В те первые дни я сидел на своей веранде, глядя, как туман собирается каплями на пушечных стволах, а вдали виднелись очертания Кингстона и береговая линия, словно разложенная у моих ног цветная карта.
У нас была иллюзия победы, нам казалось, мы правим миром. Мы ведь нация, рожденная, чтобы править. Но никто не может командовать этой страной. Сама земля здесь пригибается, чтобы снова распрямиться и воспротивиться всему, что я есть, и всему, что я делаю. Никто не может командовать этой страной. Кроме, быть может, той единственной госпожи с косой и песочными часами, что в конце концов укачает нас всех на своих костлявых руках.
Когда я только приехал сюда, плантаторы еще жили на широкую ногу. Огромные дома с балконами были увиты бугенвиллеей и темно-лиловыми цветами глицинии. В тщательно орошаемых садах пламенели гибискус и пуансеттия. За обедом столы плантаторов ломились от мяса и рыбы, там подавались сухопутные и морские черепахи, куропатки, ржанки, пегасы, голуби; манго и испанские лаймы, ананасы и свежие апельсины, сорванные на собственных плантациях. Но самый восхитительный фрукт – гренадилла[47], в спелом виде он представляет собой густой сок с семенами, который посыпают сахаром и едят ложкой. Я со вздохом вспоминаю те удивительные яства, которые мне довелось попробовать в этом кишащем насекомыми раю, на изгнание из которого у меня нет надежды. Кажется, на древе познания не осталось запретных плодов.
Каждому белому домочадцу в плантаторском поместье полагался черный слуга: их личный, персональный раб, который прислуживал им, следил за их гардеробом, помогал совершать туалет, угадывал все их желания и выносил за ними горшки. Во всех королевских конюшнях не нашлось бы лошадей более ухоженных, раскормленных и изнеженных, чем эти капризные и никчемные люди.
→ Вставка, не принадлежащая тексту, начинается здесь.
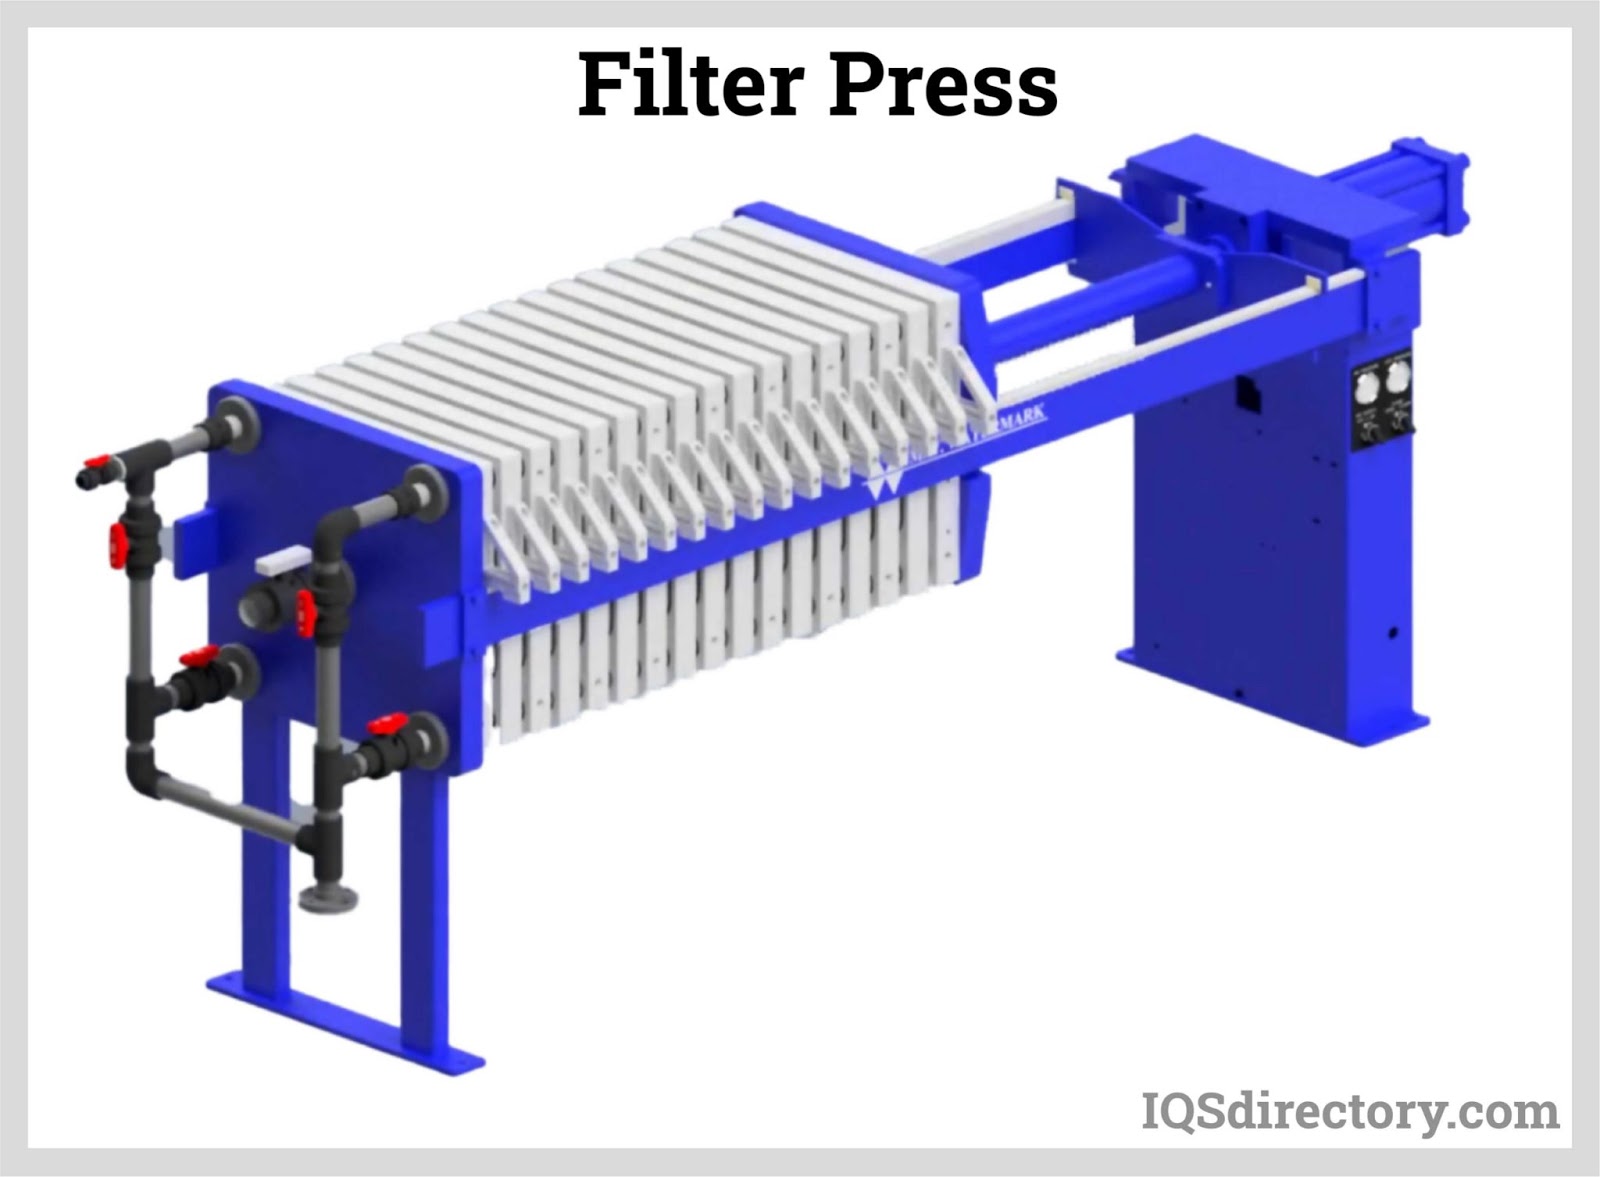 Séparation liquide/solide et composants key filter press

Я сам унаследовал старого негра. Его зовут Авраам. Он лишь немного выше меня. Выпустив швы и удлинив рукава, он может донашивать мою старую одежду. Авраам не умеет читать и писать, но я учу грамоте его сыновей. Он терпелив, сдержан, седовлас. Мы стоим с ним плечом к плечу.
У креолов были приняты кровосмесительные браки. Наследственные болезни чрезвычайно распространены в их семьях. Женщины помешаны на наслаждении, их сексуальность вызывающе демонстративна. Однажды я был вынужден удалиться с позднего вечернего приема, поскольку одна гавайская красавица, облаченная в белые кружева, принялась настойчиво водить веером по моим брюкам спереди, в тщетной попытке возбудить меня. Я находил ее внимание забавным и даже лестным, но меня тревожило, что она делает это на виду у всех.
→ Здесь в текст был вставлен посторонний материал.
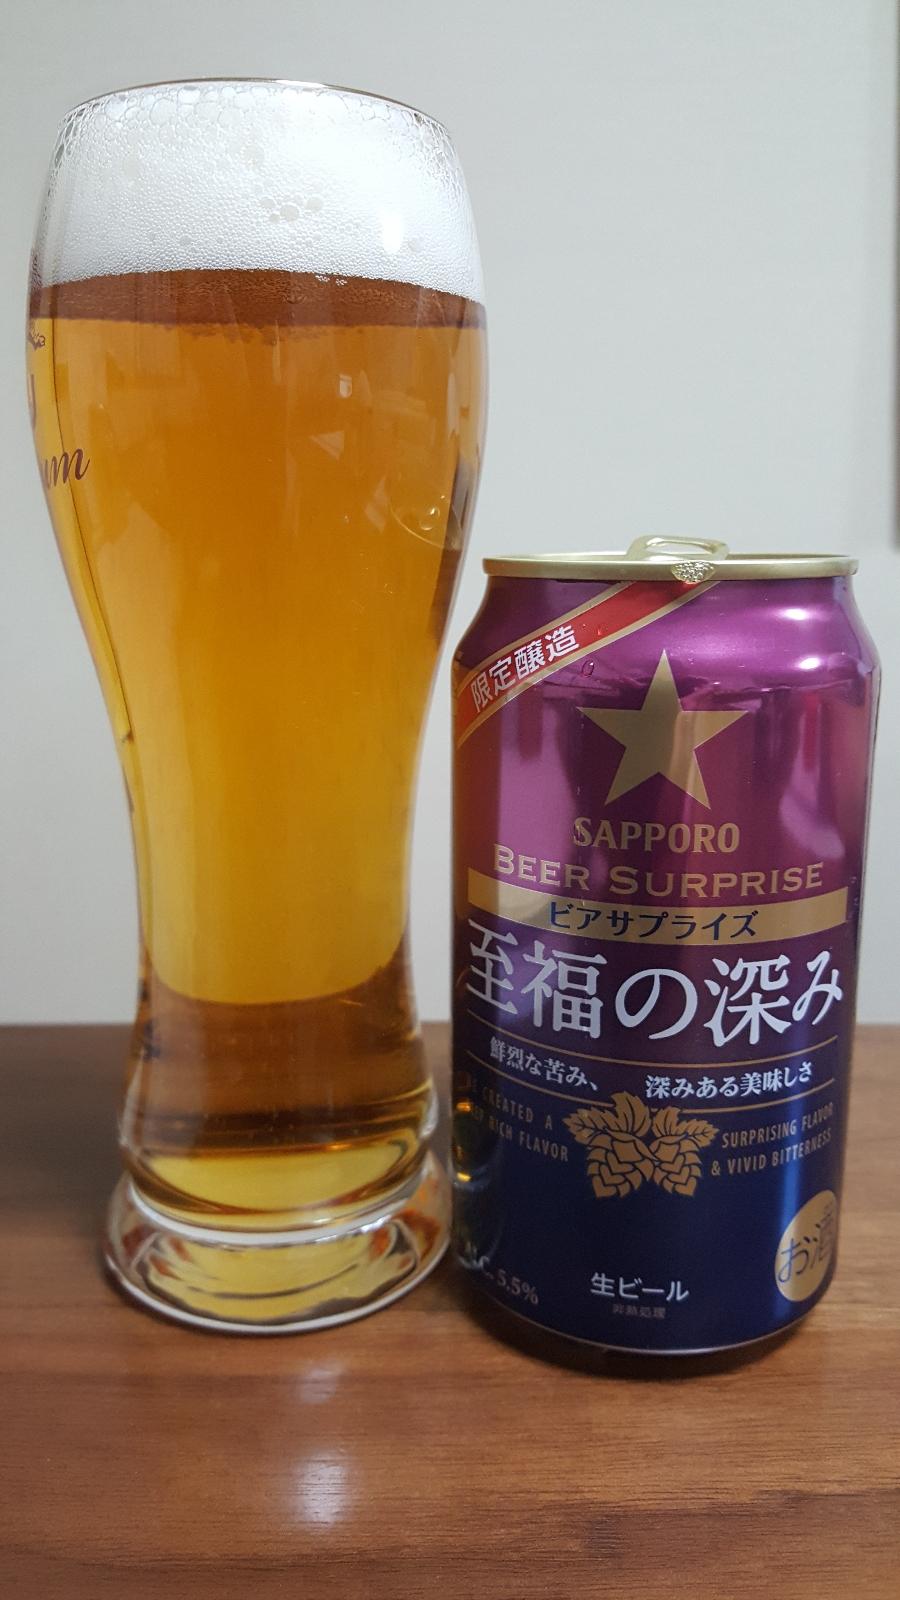 Beer Surprise: Shifuku no Fukami

Праздники и балы идут здесь нескончаемой чередой. Дамы обмениваются выкройками и модными журналами, вплоть до последних новинок «Женского журнала». Что там носят в Париже и на Бонд-стрит? Мы не копируем фасоны метрополии, мы доводим их до совершенства. Корабли, нагруженные одеждой, уже устаревшей на несколько месяцев, ожидаются с нетерпением. Я смотрю на бледную массу голых рук и плеч – их ревностно оберегают от солнца, они покрыты пудрой, потом и нардом, чтобы отпугнуть москитов. Я веду дам за стол, их руки без перчаток влажны после танцев, я подаю им мягкие дорогие шали и веера.
Поместье, в котором я бываю особенно часто, – Монпелье в Сент-Джеймсе – принадлежит семье Эллис. Чарльз Эллис – отсутствующий хозяин, перегруженный парламентскими обязанностями. Но, будучи человеком ответственным, Чарльз отправил сюда своего младшего брата, Эдварда, чтобы тот присматривал за имением. Эдвард на двадцать лет моложе меня, позади у него бесславная карьера в заштатном полку. Он вял и апатичен, питает слабость к кружевным рубашкам и сладкому португальскому вину.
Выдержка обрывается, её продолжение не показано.